This allows drawing a render task where the allocated space in
the surface cache is smaller than the required size if we were
to draw the complete contents of a render task.
The primary motivation of this task is to fix some existing bugs.
Specifically, if an off-screen render task is intersecting with
the main screen rect, we would only allocate enough space in the
surface cache texture for the visible portion. Then, the render
task would be drawn, and in some cases could extend outside the
bounds of the allocated rect for the task. This can result in
image corruption - for instance, a long scrolling region which
is drawn to an off-screen target (due to a filter) could draw
outside its region, affecting other tasks in the same surface
cache texture layer.
A second motivation is as a performance and power saving optimization.

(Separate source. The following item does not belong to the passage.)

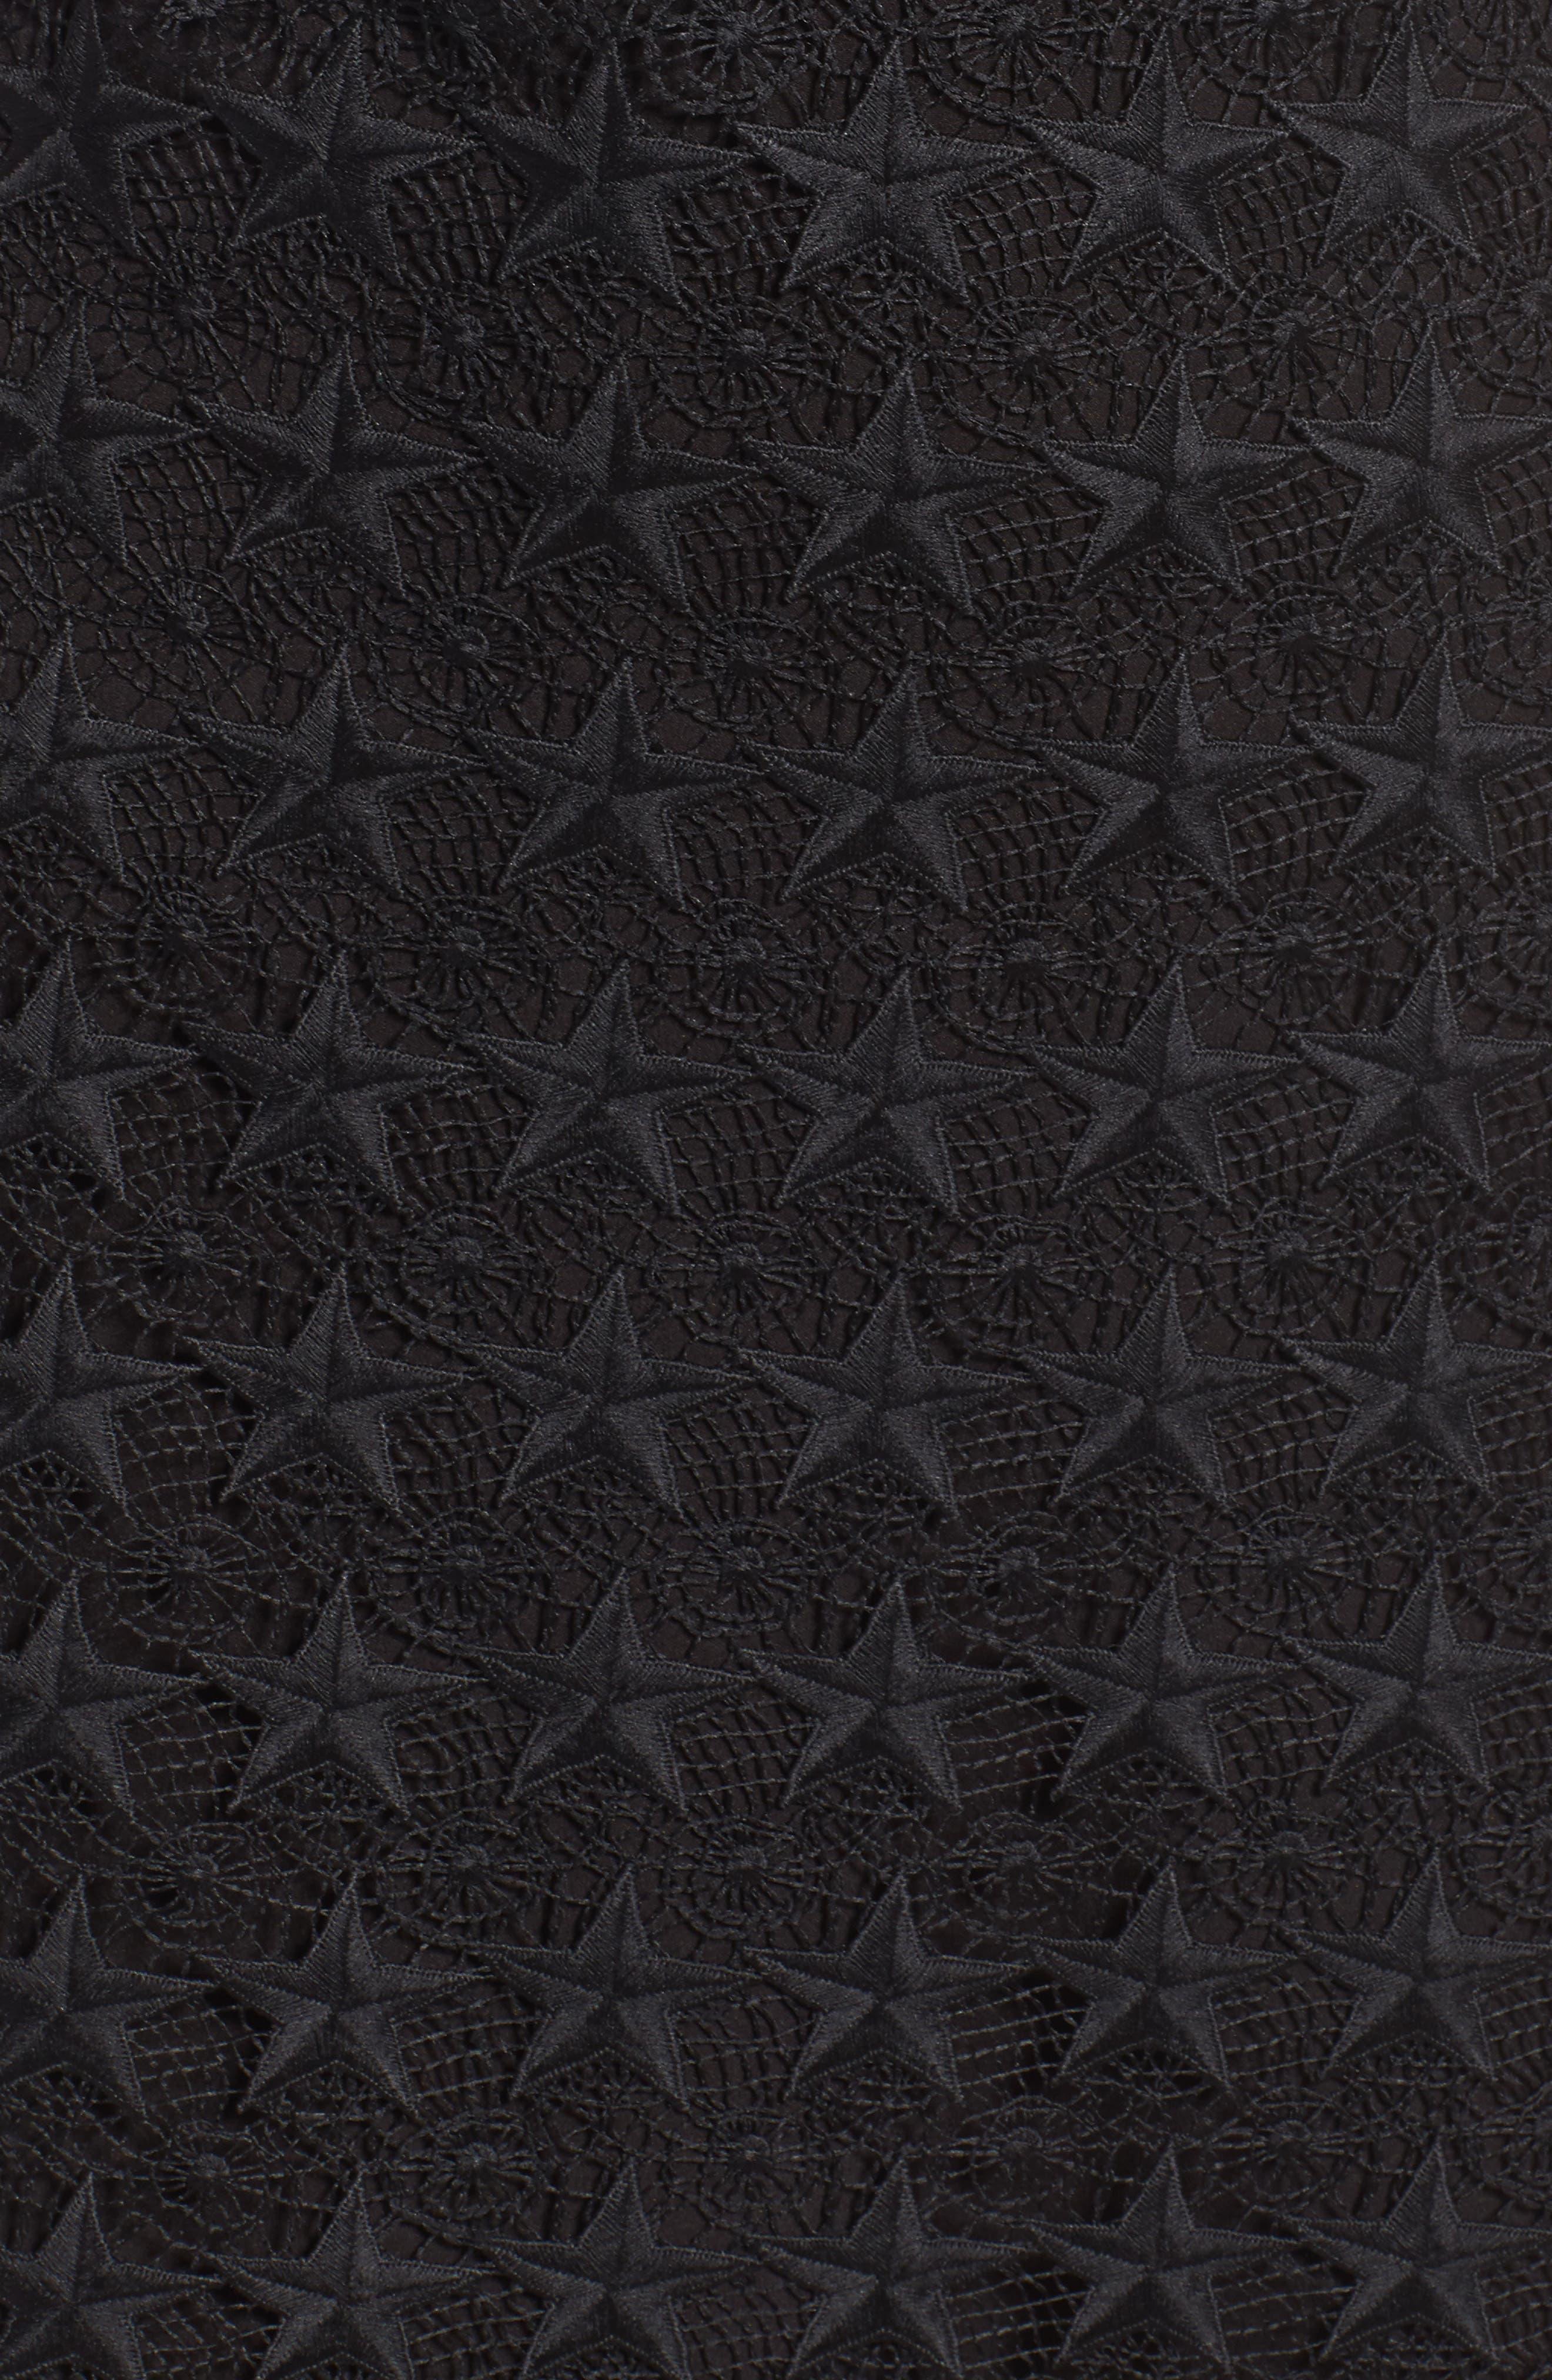 Star Lace Sheath Dress,                             Alternate thumbnail 5, color,

In the future, we may want to render and cache "tiles" that can be
cached and provided to the OS compositor interfaces, to avoid work
during scrolling.
Finally, the implementation also contains the infrastructure necessary
to enable us to completely skip texture-cache sub-render tasks when
a frame is re-rendered, which is a performance gain in some cases.
To achieve this:
* Instead of one alpha-batcher per target, there is one per render task.

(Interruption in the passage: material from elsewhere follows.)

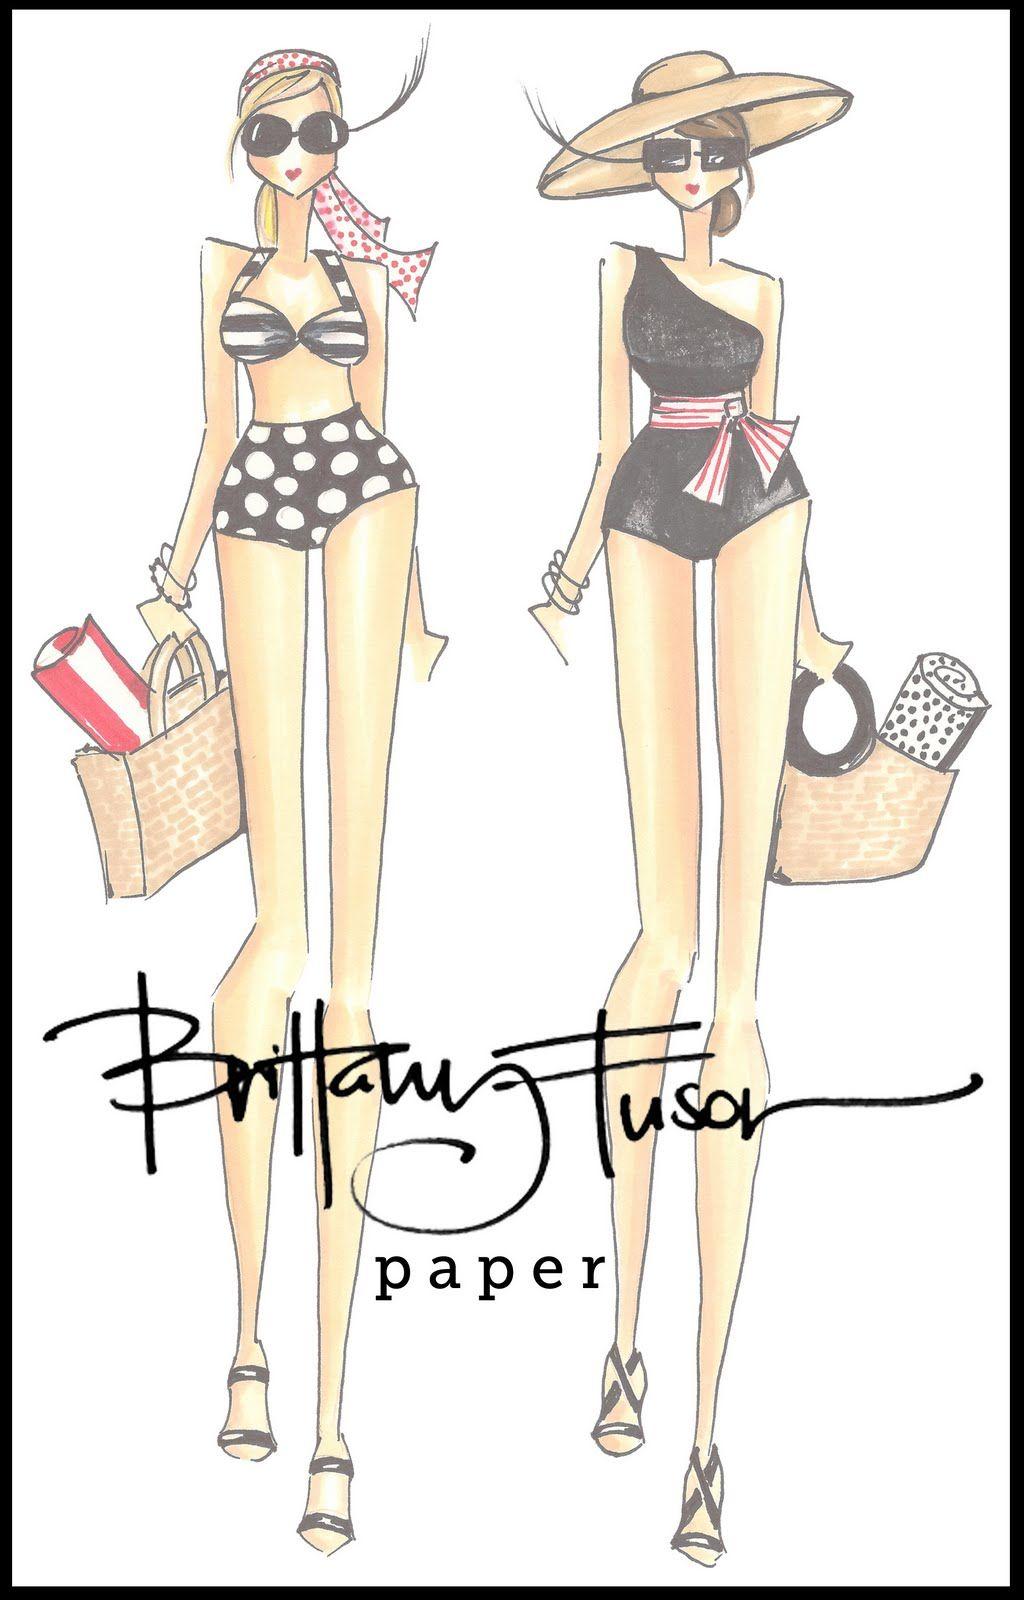 Brittany Fuson: new name, same game

* Each alpha-batcher tracks the task-relative, screen-space bounding
rect of primitives added to it.
* Once each alpha-batcher is complete, we check if the allocated rect
for this task completely contains the combined bounding rect of the
primitives inside it.
* If it *does* contain it (common case) then we run a batch merging
step where this set of batches is merged with any other alpha batch
tasks that are also self-contained. This merging step can be very
simple, since we know there is no overlap ordering constraints.
* If it *doesn't* contain it, then we will submit this set of batches
separately to the merged batch list, applying a scissor rect set to
the size of the render task allocation.
The batching results should be as good or better than previously, except
in the genuine case where this fixes a bug, in which case there may be
a small number of extra draw calls.
Since the batching of each render task is independent, and also only
references read-only shared state, we can easily run each batch creation
task on a worker thread, if profiling shows any benefit to that.